On one hand it is a game console. And I personally don’t care about those… I mean, a Computer Scientist does not have time to play games, isn’t it ???
On the other hand, the Playstation 3 is one hell of a machine according to its specs :
Let’s see.
It uses a Cell processor (jointly developed by Sony, IBM and Toshiba) which is, in fact, a PowerPC core running at 3.2 GHz dispatching tasks to 7 (yes, seven!) vector units each with its own 128 registers and its own memory… The Cell has been announced to perform at 218 GFLOPS compared to my latest AMD Athlon64 3000+ running at 4 GFLOPS. Of course, the question is whether application developers will be able to leverage this power but things depend a lot on the quality of the optimising compilers I suppose as no one now writes directly in Assembly code (especially for RISC architectures)

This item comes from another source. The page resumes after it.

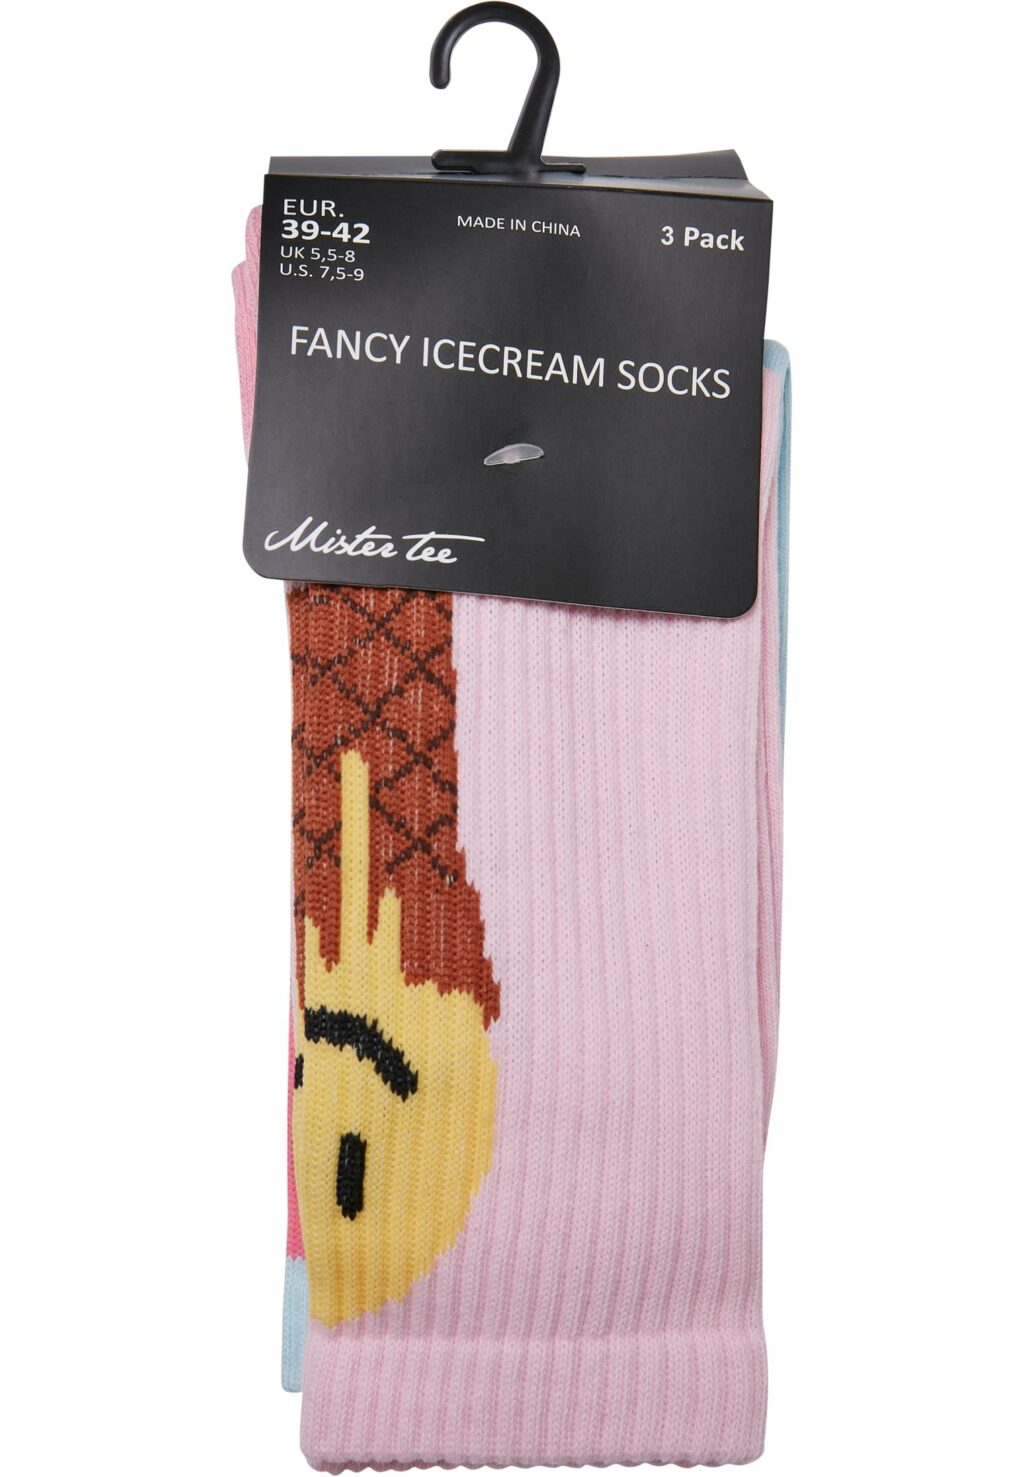 Fancy Icecream Socks 3-Pack white/multicolor MT2259

It also has a GPU from NVidia called the RSX which runs at a maximum of 1.8 TFLOPS (I am feeling dizzy…) and supports 2 channels of high-definition (HD) video. Judging by some screenshots released by Sony, I can tell you that games will be photorealistic.
The Playstation 3 uses Blu-Ray Disc which can hold up to 25 Gb of data compared to the 4.7 Gb found on a single-layer DVD.
Finally, it also can handle up to 7 Bluetooth wireless appliances like a keyboard, a mouse, joypads and what not. It is also fully USB, Wi-fi and Ethernet capable.
The Playstation 3 has only 512 Mb of RAM though. And it does not have a hard-disc which is pretty disapointing.
It has the potential to become the PC killer. For that, it must get additional RAM, a hard-disc and, most important, a real operating system.
Why not Linux ?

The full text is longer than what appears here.